Dubai Festival of Literature: William Dalrymple

Somewhat unexpectedly – as none of the other authors has done it – Dalrymple reads to us. In a delightfully expressive voice, he treats us to an extract from In Xanadu, written when he was just 23, describing a comic outing to the cinema in Kashgar, and a charmingly moving account from the City of Djinns in which two old muhajirs, reminiscing on old Delhi before Partition, 'swam together through great oceans of nostalgia before finally coming ashore on a strand of melancholy'.

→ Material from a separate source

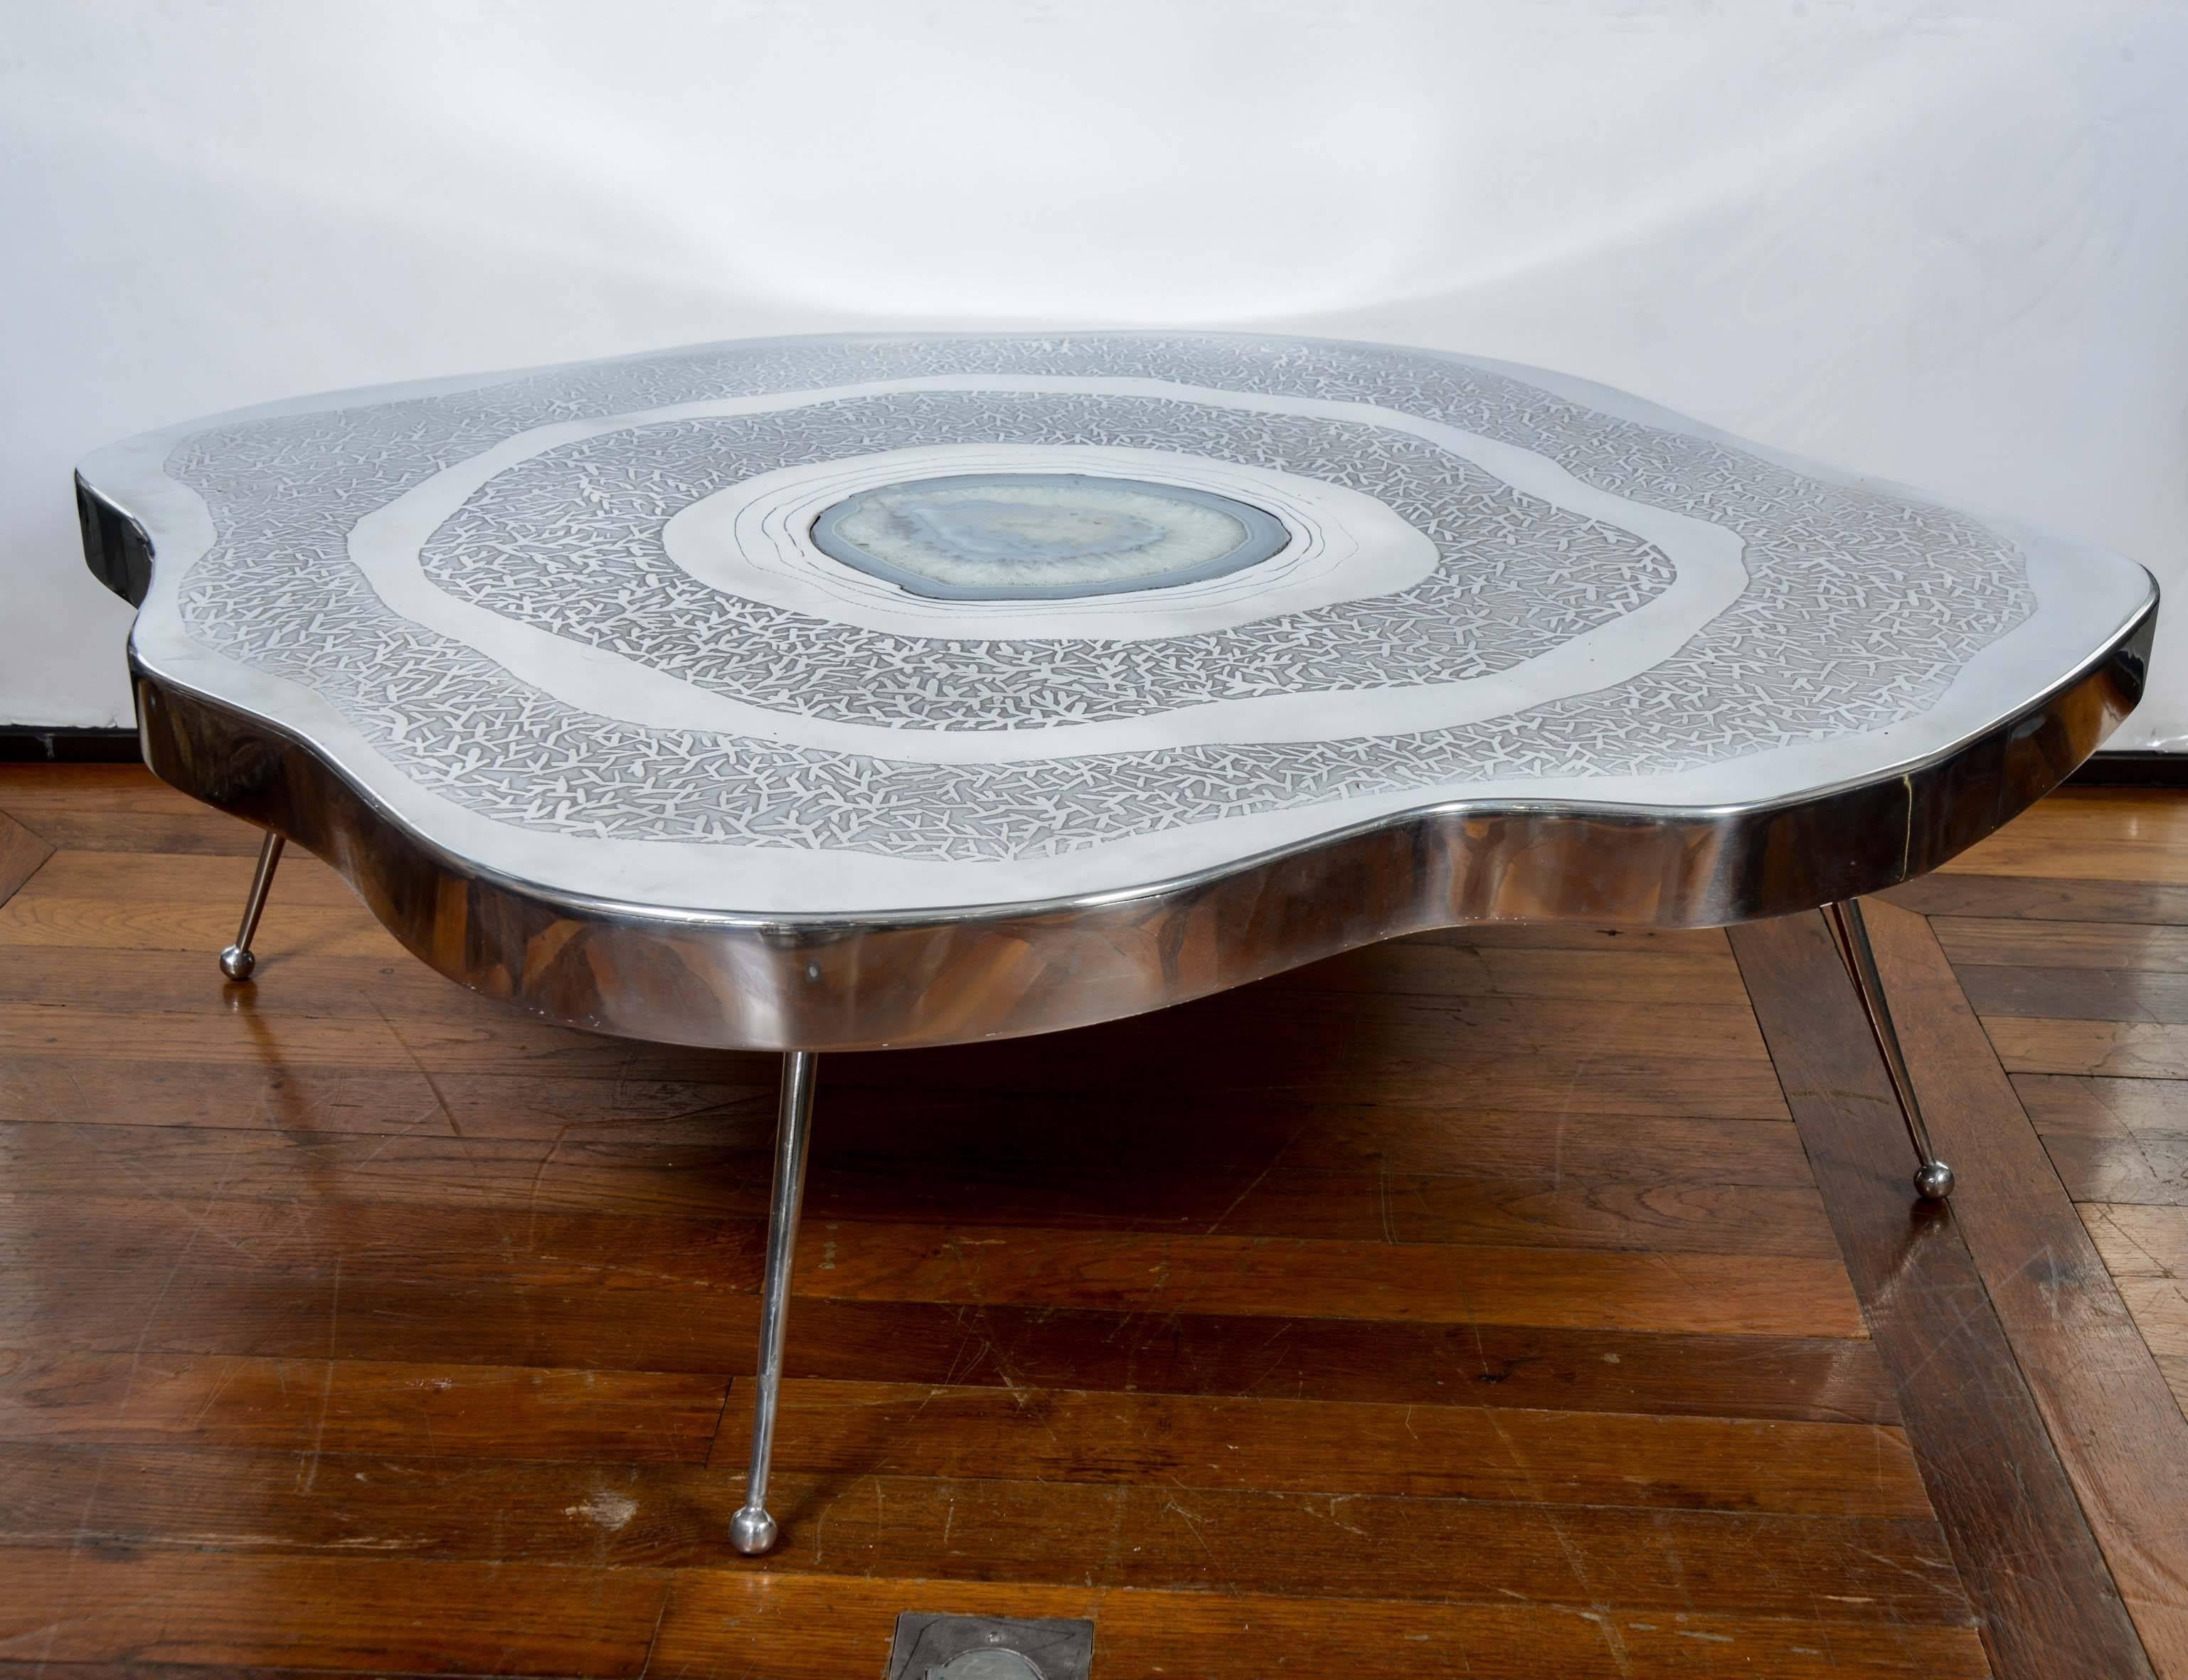 Low table with a cloud shape, engraved aluminium and agate, four metal feet. Creation by Galerie Glustin.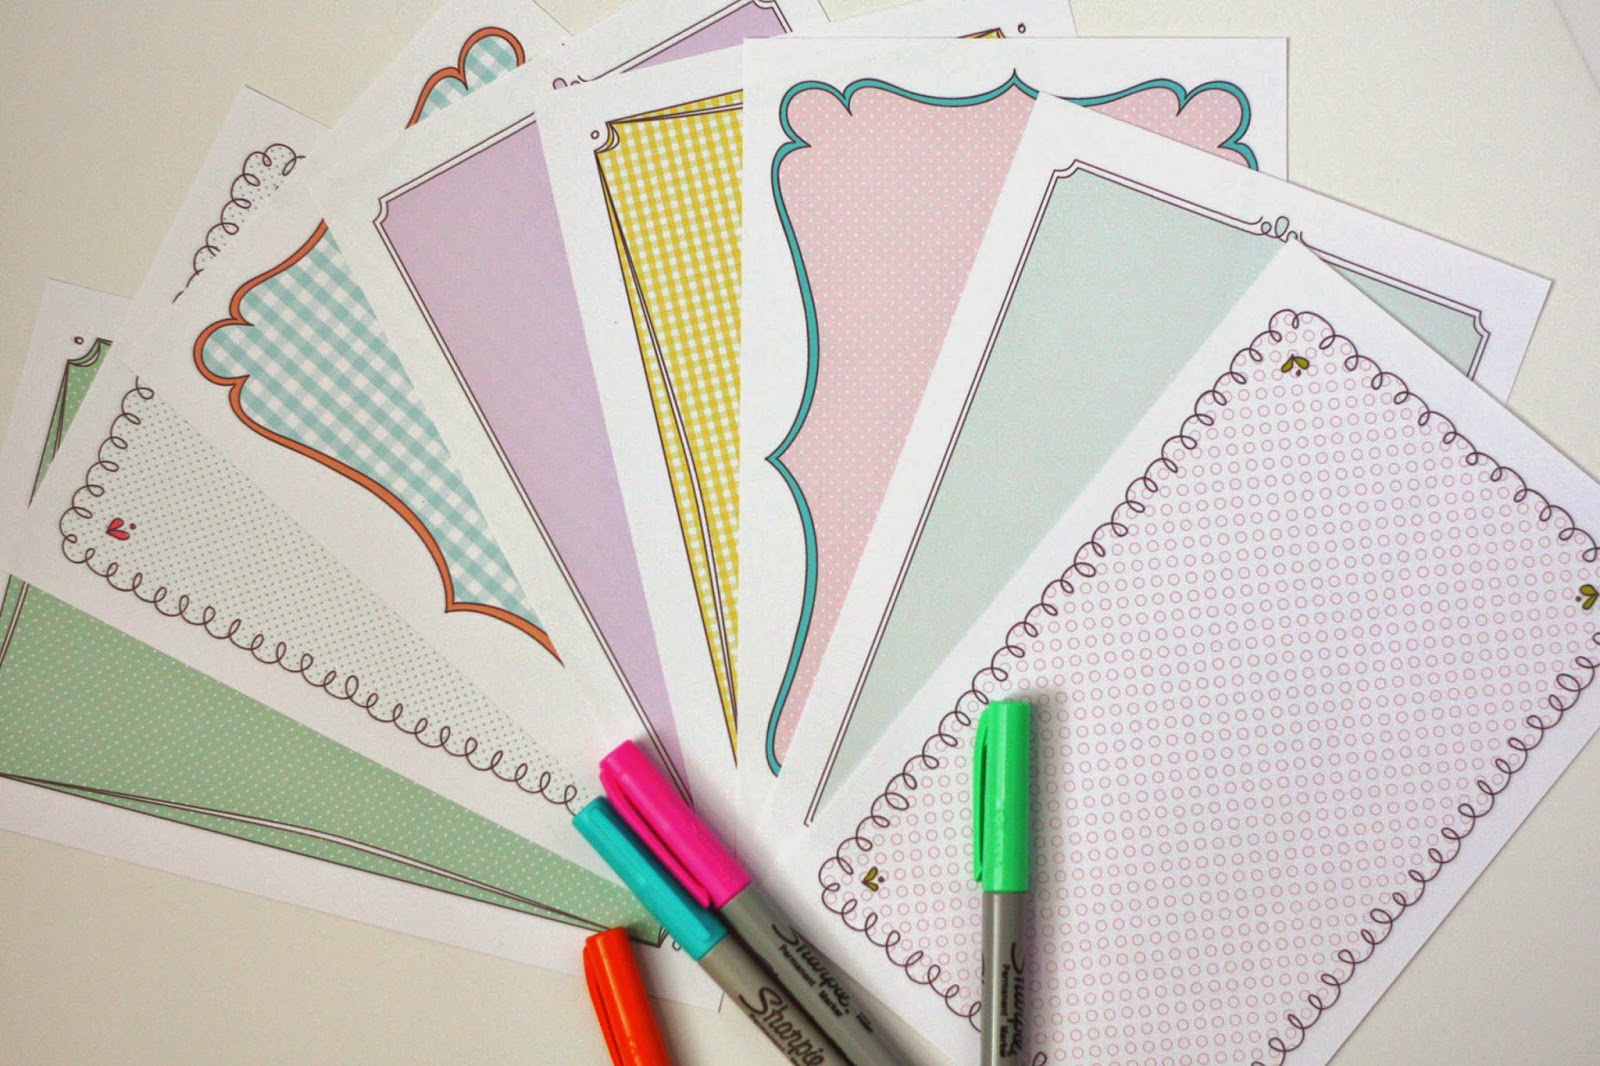 amy-j-delightful-blog-free-printable-stationery-sheets-with-happy

For Dalrymple, of course, India 'changed just about everything'. Until the age of 18, life revolved around the family home in the east of Scotland, family holidays in the west of Scotland ('even greyer, drearier and drizzlier' than home), and school in Yorkshire. 'I didn't have a particular interest in India, and probably even had a mild aversion to it,' confesses Dalrymple, although that would all change when, by a series of happy accidents, he ended up visiting a friend there and found the impact 'explosive'.

Dalrymple's latest book, Nine Lives: In Search of the Sacred in Modern India, is his first travel book for more than a decade. Likened to a Canterbury Tales of the sub-continent, it records his encounters with various adherents of India's 'dying religions', amongst whom are a Jain nun whose every meal must carefully be sifted to ensure no ant or other living creature has fallen into her food, rendering it impure; a devadasi or temple prostitute dying of AIDS; and a gathering of tantric musicians at the Makra Sakranti (who 'make the Kumbh Mela look like a Rotary lunch'). A timely chronicle of traditions and practices pushed to the fringe by the country's rapid modernisation, and a general move towards the 'hyper-masculine gods' of the Hindu pantheon.